(Collected data entries)
|---|

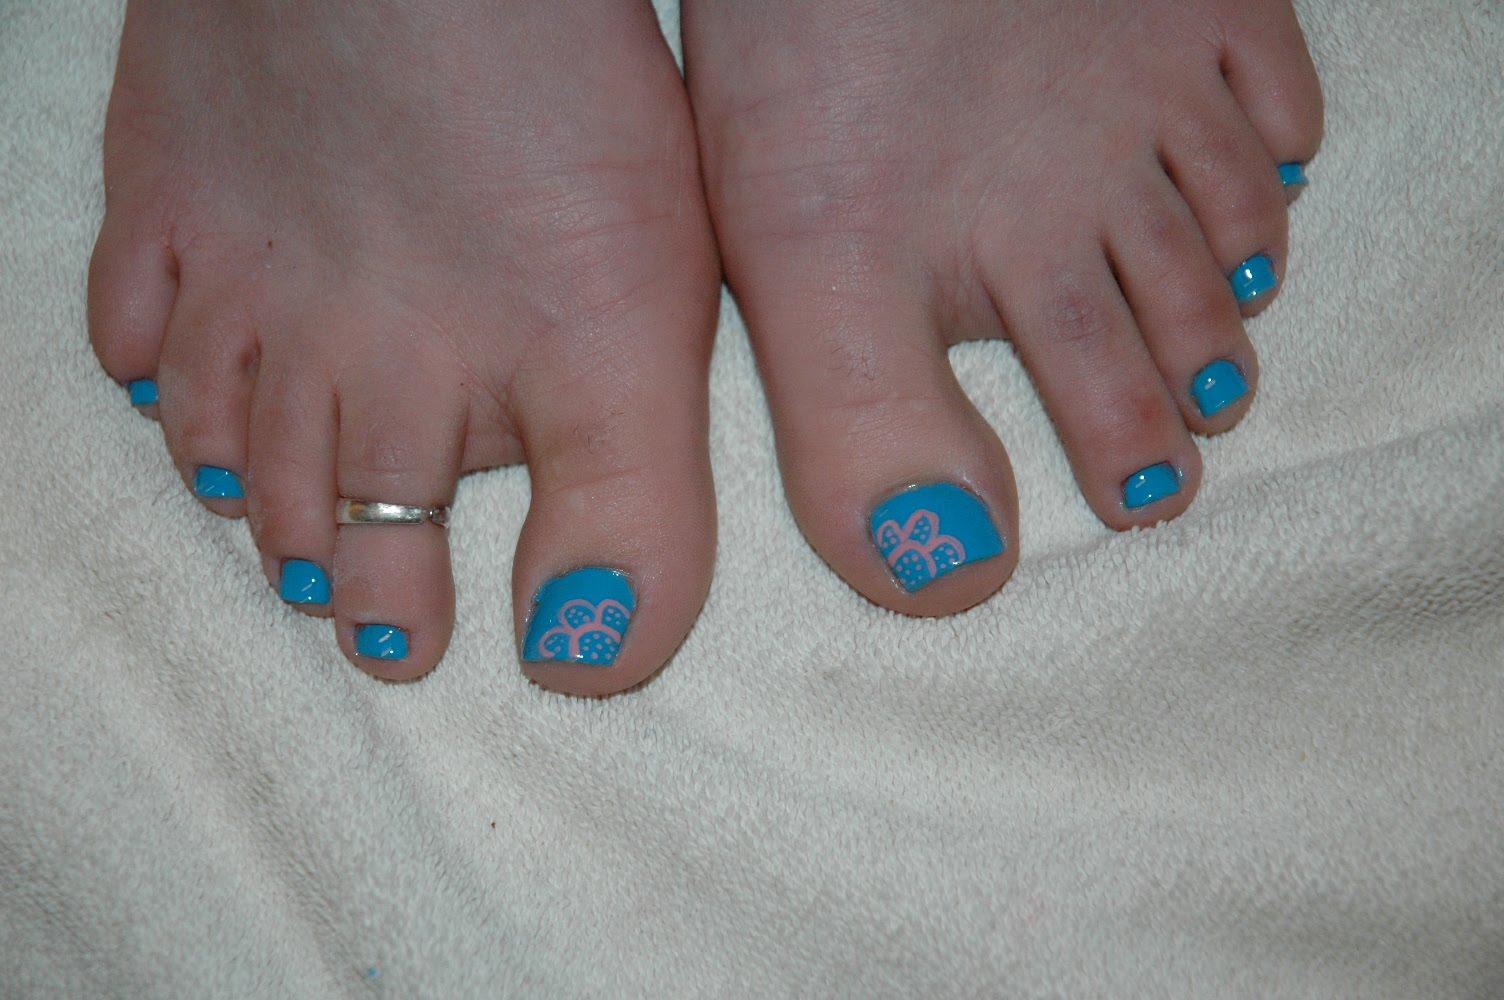 daqui. http://jktanner.blogspot.com.br/2010/04/more-toenail-painting
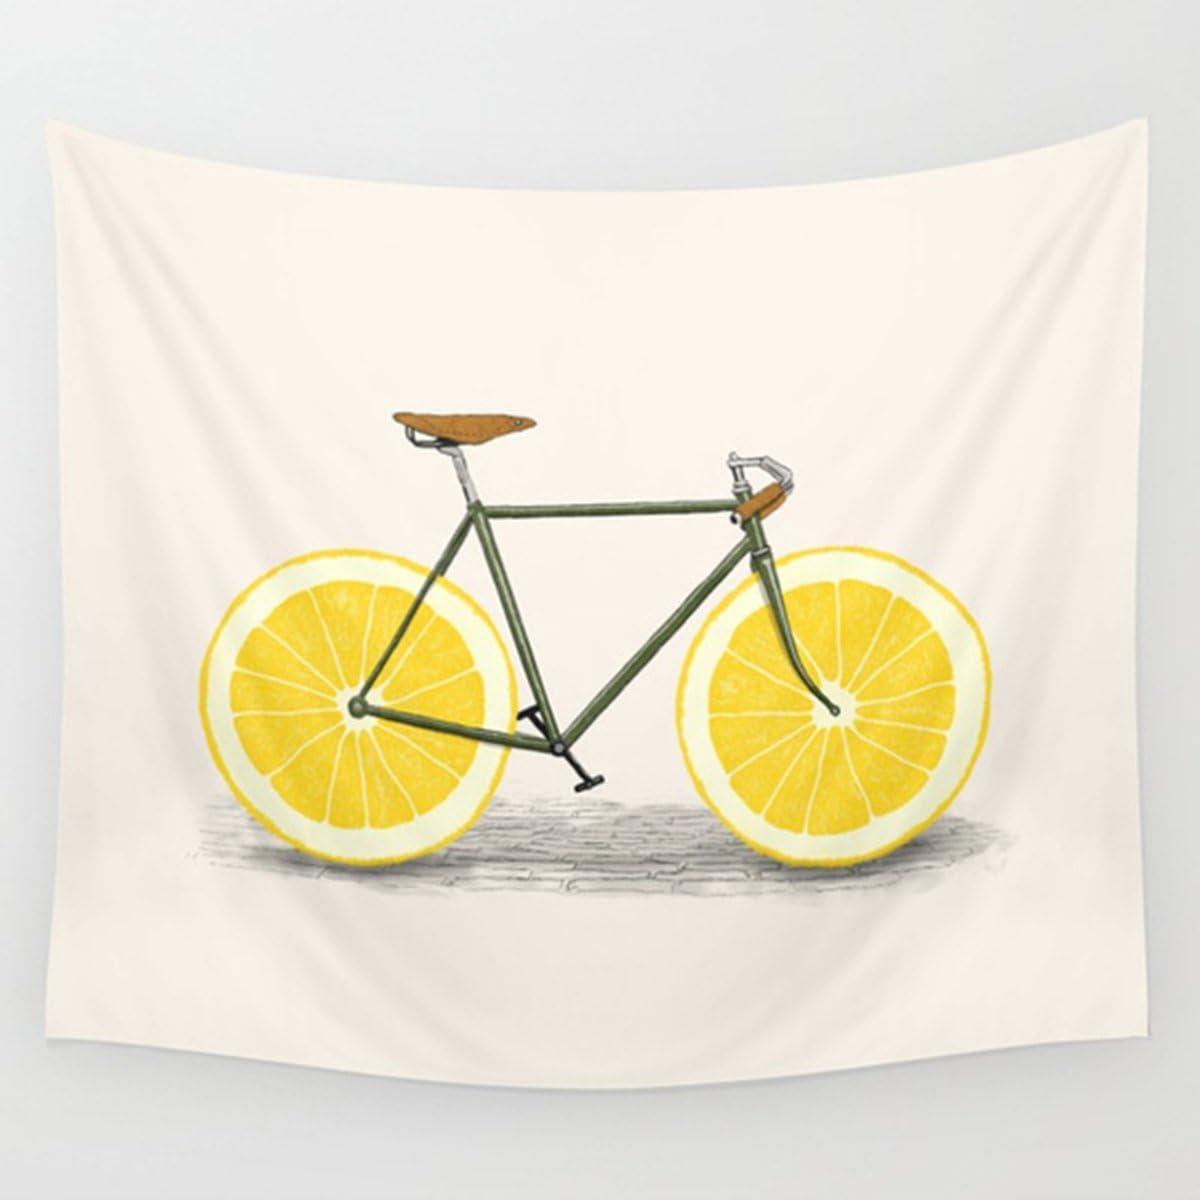 "Shukqueen Tapestry, Yellow Lemon Bike Wall Hanging Tapestry Dorm Decor (51"" H x 60"" W, Bike)"
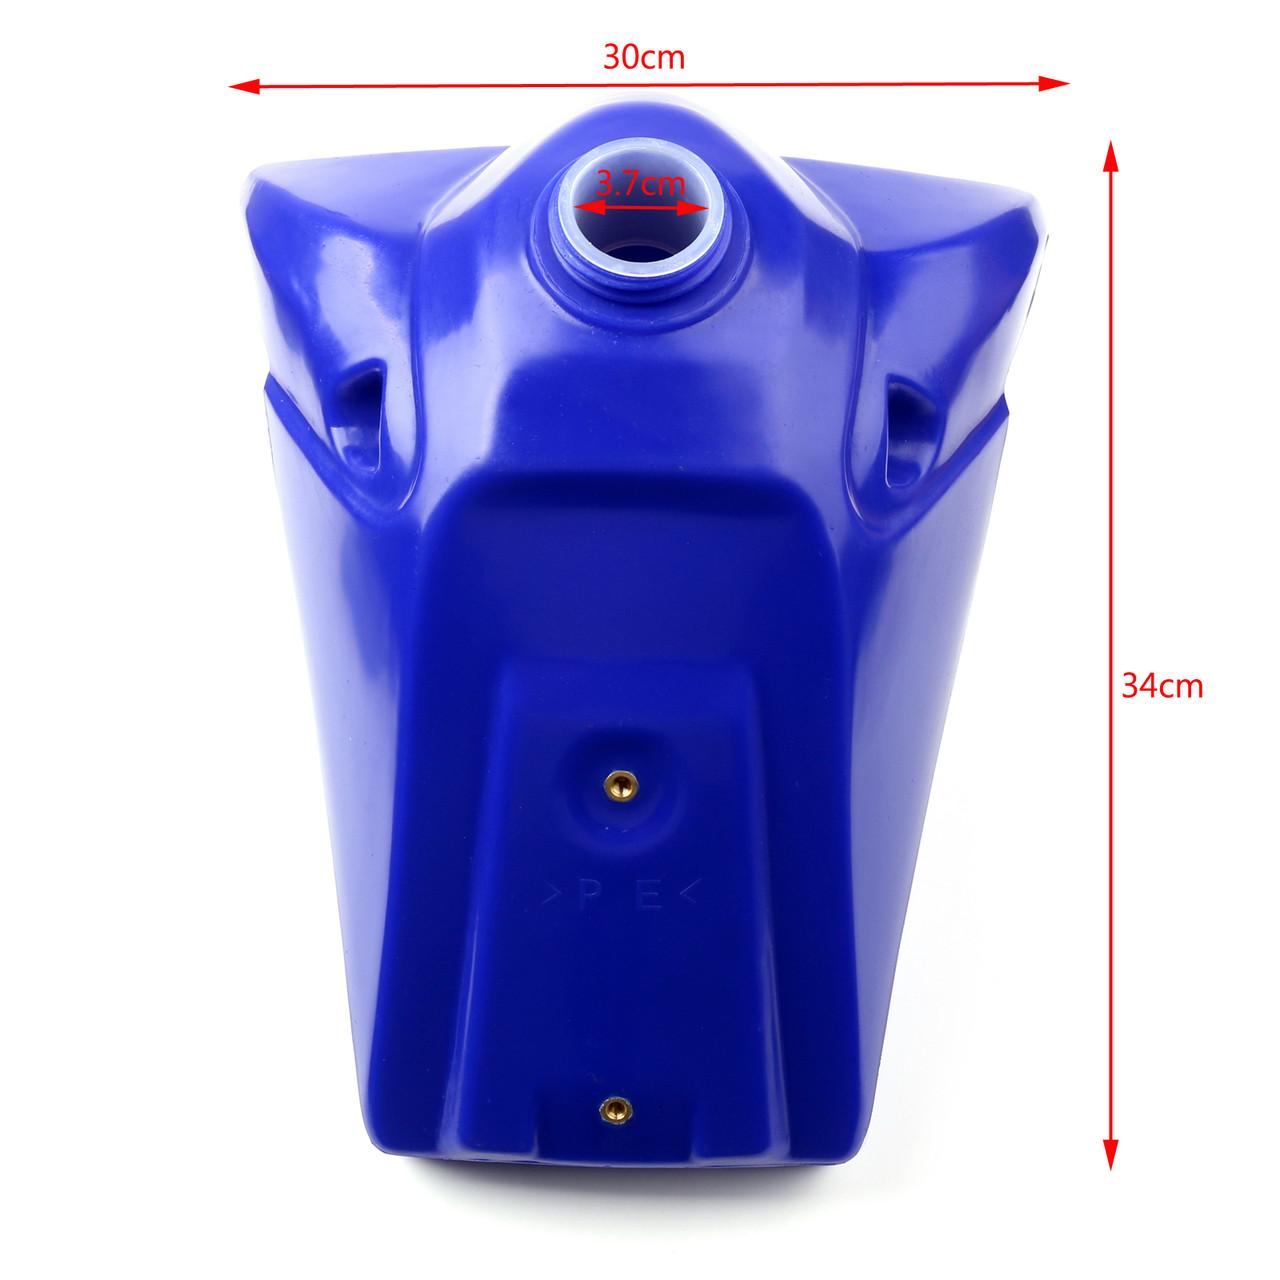 http://www.madhornets.store/AMZ/MotoPart/Fuel%20Gas%20Tank/M557-A001/M557-A001-Blue-2.jpg
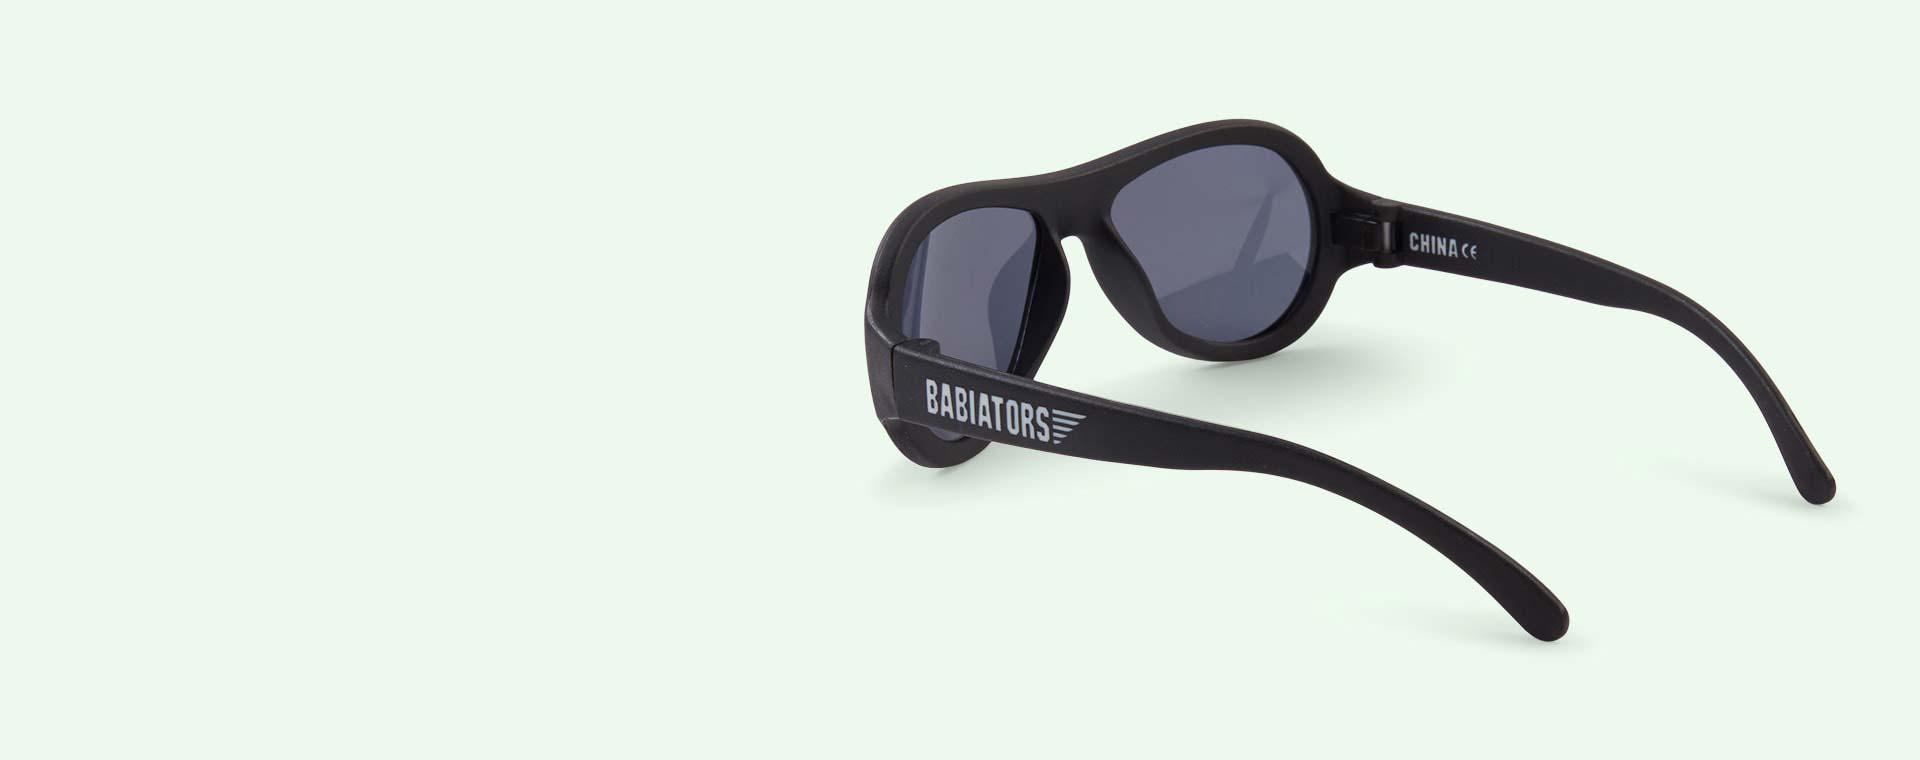 Buy The Babiators Original Aviators At Kidly True Blue Classic Ages 3 7 Sunglasses Black
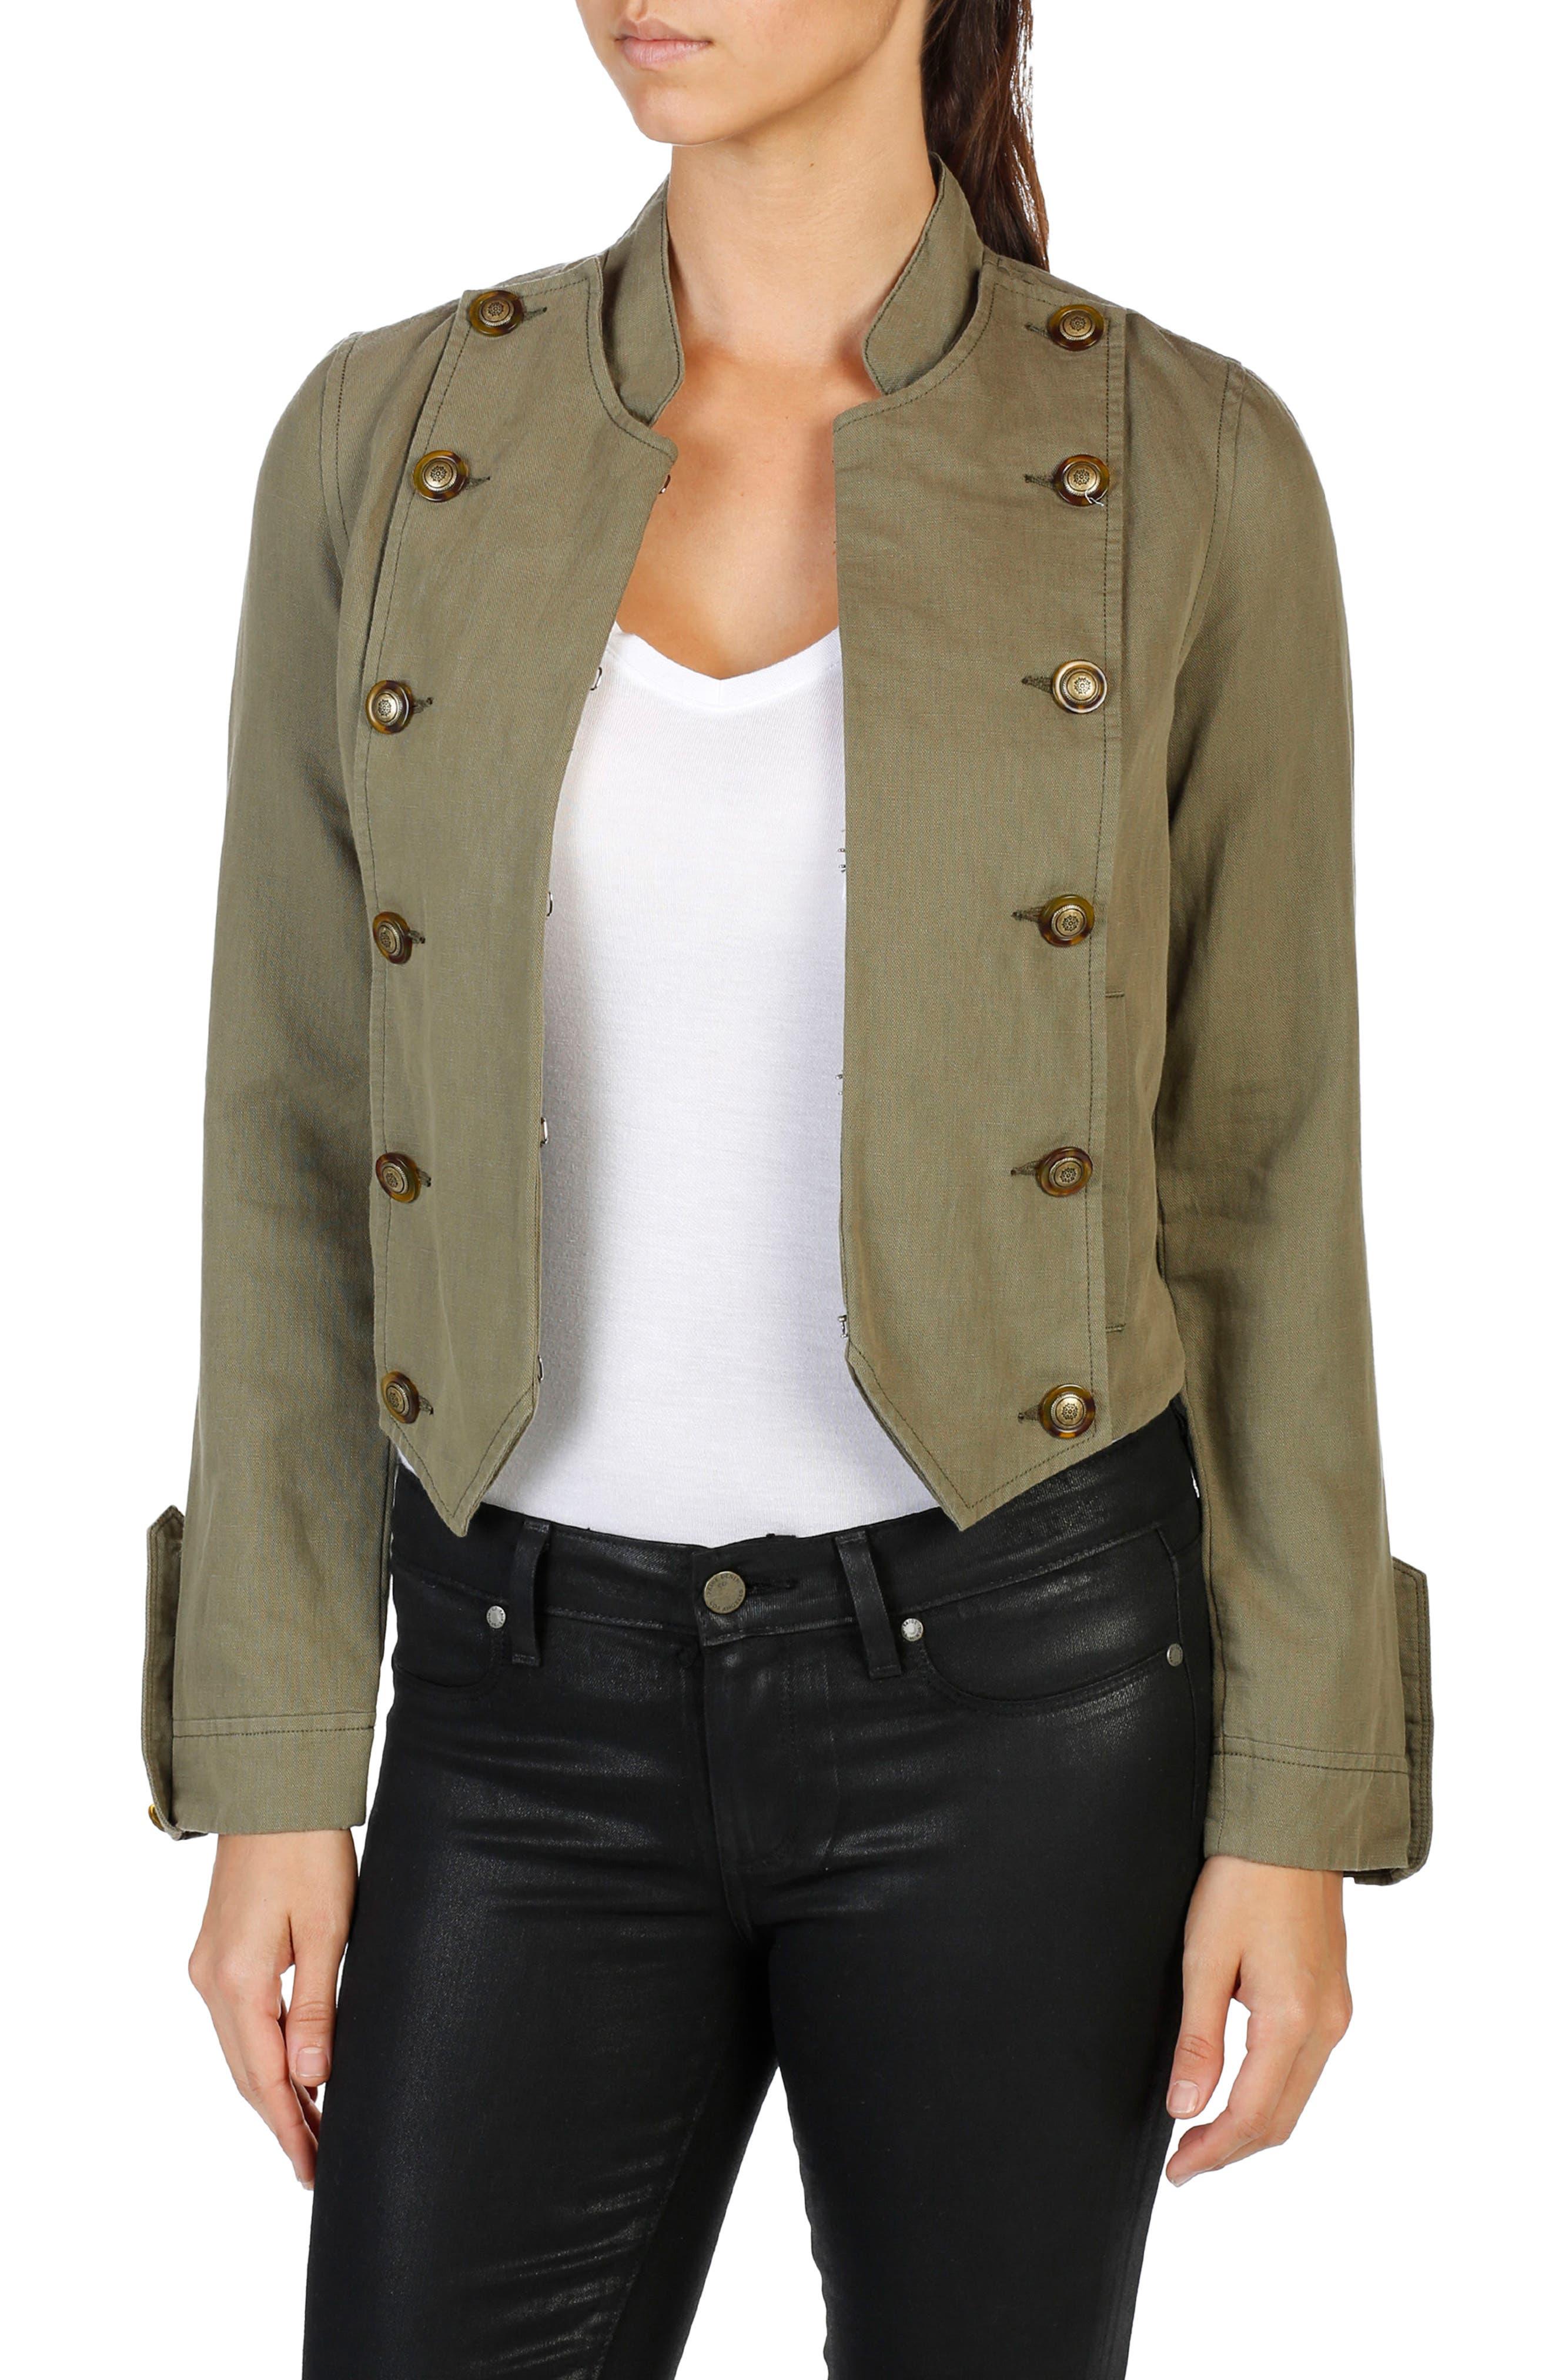 Ashley Military Jacket,                             Main thumbnail 1, color,                             309

|---|

Write out the entries above in full and exactly; no pictures.

■ ANSWER AREA
 daqui. http://jktanner.blogspot.com.br/2010/04/more-toenail-painting
 "Shukqueen Tapestry, Yellow Lemon Bike Wall Hanging Tapestry Dorm Decor (51"" H x 60"" W, Bike)"
 http://www.madhornets.store/AMZ/MotoPart/Fuel%20Gas%20Tank/M557-A001/M557-A001-Blue-2.jpg
 Buy The Babiators Original Aviators At Kidly True Blue Classic Ages 3 7 Sunglasses Black
 Ashley Military Jacket,                             Main thumbnail 1, color,                             309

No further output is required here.